My point is, basically, the fans will rarely immediately accept something new, because they have a close connection to the old originals. You shouldn't let that discourage you entirely from doing something different in an already established universe (at least not "dismantle everything and start over" different like, say, Star Wars nowadays, unless it's some sort of parallel universe, in my personal opinion, this is much more acceptable).

A certain subset of Fans will always hate a remake or sequel that comes too long down the road from the original, true. But what would upset people broadly is not change itself but rather change that fundamentally alters what the game is and what its themes are. Anyone remember that FPS game they made for XCOM? XCOM: The Bureau? No of course not. XCOM is a turn based squad combat strategy game based off of Tabletop combat games like Warhammer. its not an FPS. Nobody wanted an XCOM FPS. Nobody bought an XCOM FPS, and nobody remembers The Bureau. They do however remember XCOM Enemy Unknown that released a few months prior because that was an XCOM game. In that case you had a betrayal of the games fundamental structure, akin to trying to turn the Civilization games into an open Role Play game. The built in fans will not buy it, and will not generate the necessary buzz to attract new fans to the series. Which often seems to be the goal of these huge redesigns of Games. Getting a "larger audience" (Read, attract the Wamyn and the woke millenial).

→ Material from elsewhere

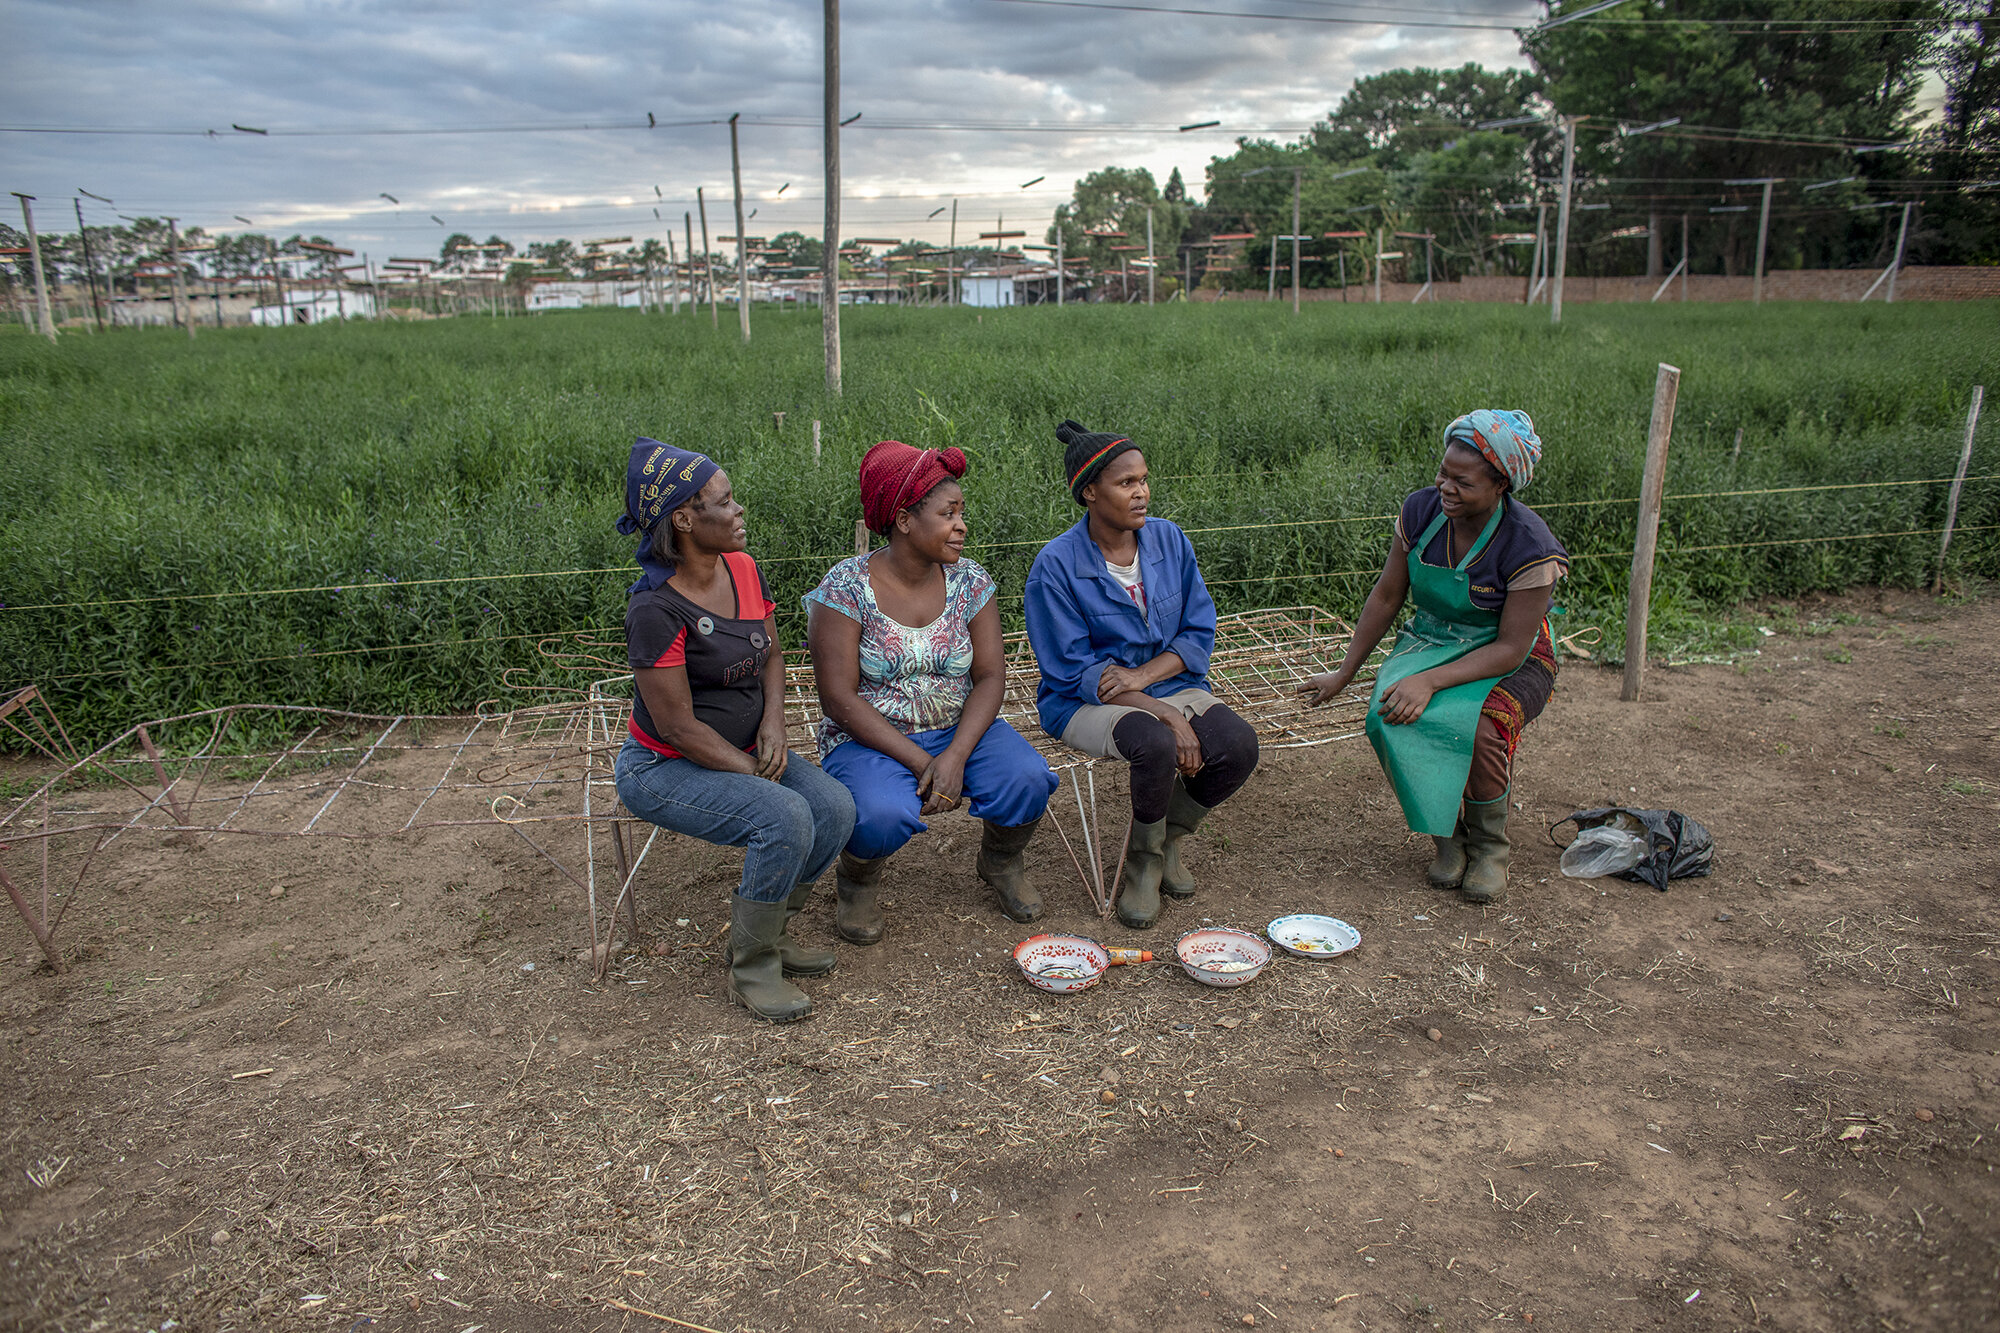  October 21, 2018: Roselyn and her fellow grading shed colleagues chat during a dinner break on a day when they had a long shift. When they work into the night dinner is provided for them.

In the case of narrative games like RPG's you run into the same problem if you fundamentally upend the basic lore and story telling dynamics fundamental to that game. Lets take a fairly woke modern RPG, Horizon Zero Dawn as an example here. The story is about motherhood, rebirth, and a female protagonist. If Horizon 2 is about a Male to Female transexual on a quest to bash the fash, everyone will lose their shit and not buy it either.
 
A certain subset of Fans will always hate a remake or sequel that comes too long down the road from the original, true. But what would upset people broadly is not change itself but rather change that fundamentally alters what the game is and what its themes are. Anyone remember that FPS game they made for XCOM? XCOM: The Bureau? No of course not. XCOM is a turn based squad combat strategy game based off of Tabletop combat games like Warhammer. its not an FPS. Nobody wanted an XCOM FPS. Nobody bought an XCOM FPS, and nobody remembers The Bureau. They do however remember XCOM Enemy Unknown that released a few months prior because that was an XCOM game.

Lets correct ourselves here, the ones who didnt want an Xcom FPS were a gathering of oldschool and nostalgia blinded neckbeards aka the Spoony "BETRAYL!!!!", type crowd. Other people were interested in it because of the setting taking place during the cold war and you playing a sort off Men in Black type unit. Buuuuut, due to all the neckbeards pissing and moaning the tactical FPS got scrapped (and hey, it wouldn't be a bad concept if it's done in say Star Wars Republic Commando or SWAT 4 style) and we got the Bureua which was clearly rushed and used elements from the original material. An lets be real, even when the turn based game came out the neckbeards still whined.

And I've heard he was the most professional out of Obsidian considering the bullshit that goes on there. Get him a proper producer and not some little bitch like Sawyer and he'll behave.

Avellone had seniority in Obsidian which is why he got away with it, even then it didn't get him a reliable paycheck.

More professional? You mean the guy who wanted to piss off and talk shit about Bethesda while they worked on New Vegas? The only people I know who talk good about him is the circuss on that RPG forum where they are ready to suck Avallones nuts even when hes involved with that Pathfinder game.